Journal of Bacteriology ◽

10.1128/jb.00637-06 ◽

2006 ◽

Vol 188 (21) ◽

pp. 7354-7363 ◽

Cited By ~ 73

Author(s):

Collin M. Dyer ◽

Frederick W. Dahlquist

Keyword(s):

Binding Site ◽

Response Regulator ◽

Phosphorylation Site ◽

Active Role ◽

Crystallographic Structure ◽

Coupling Mechanism ◽

Allosteric Communication ◽

Regulator Protein ◽

Target Binding ◽

Response Regulator Protein

ABSTRACT Phosphorylation of Escherichia coli CheY increases its affinity for its target, FliM, 20-fold. The interaction between BeF3 −-CheY, a phosphorylated CheY (CheY∼P) analog, and the FliM sequence that it binds has been described previously in molecular detail.

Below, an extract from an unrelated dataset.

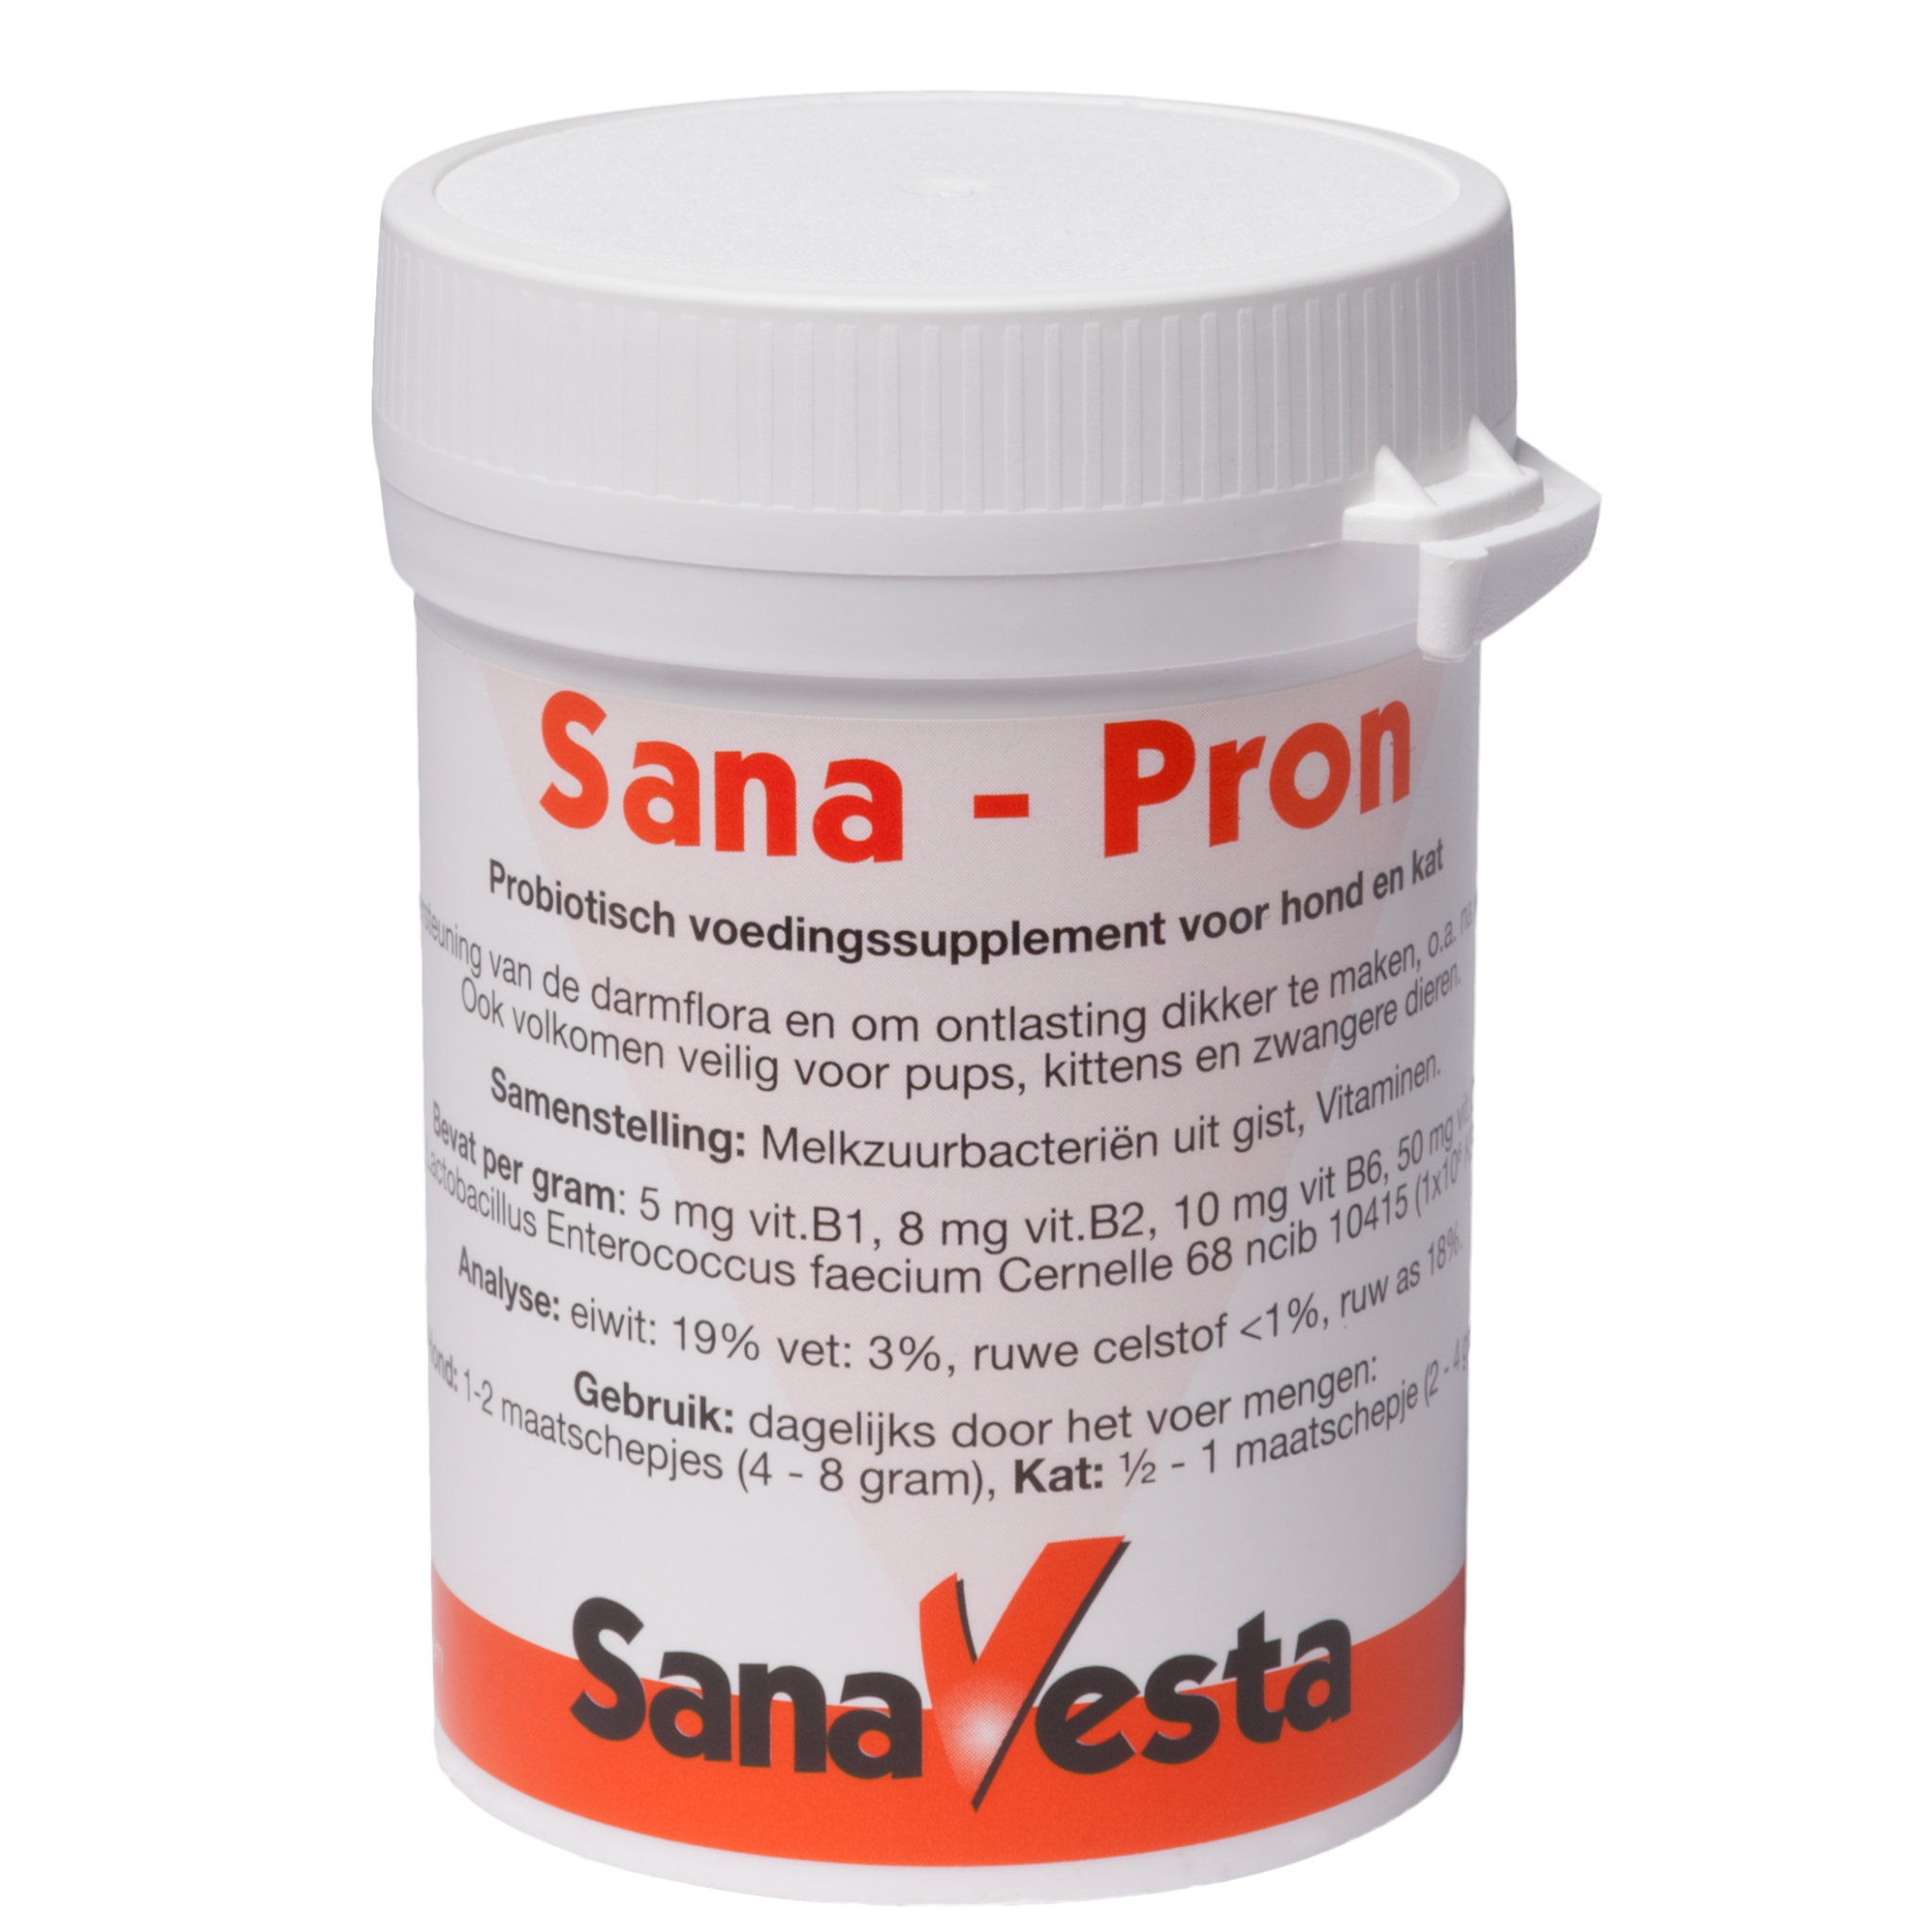 Probiotica voor hond en kat - Sana-Pron

Although the conformation that unphosphorylated CheY adopts in complex with FliM was unknown, some evidence suggested that it is similar to that of CheY∼P. To resolve the issue, we have solved the crystallographic structure of unphosphorylated, magnesium(II)-bound CheY in complex with a synthetic peptide corresponding to the target region of FliM (the 16 N-terminal residues of FliM [FliM16]). While the peptide conformation and binding site are similar to those of the BeF3 −-CheY-FliM16 complex, the inactive CheY conformation is largely retained in the unphosphorylated Mg2+-CheY-FliM16 complex. Communication between the target binding site and the phosphorylation site, observed previously in biochemical experiments, is enabled by a network of conserved side chain interactions that partially mimic those observed in BeF3 −-activated CheY. This structure makes clear the active role that the β4-α4 loop plays in the Tyr87-Tyr106 coupling mechanism that enables allosteric communication between the phosphorylation site and the target binding surface. Additionally, this structure provides a high-resolution view of an intermediate conformation of a response regulator protein, which had been generally assumed to be two state.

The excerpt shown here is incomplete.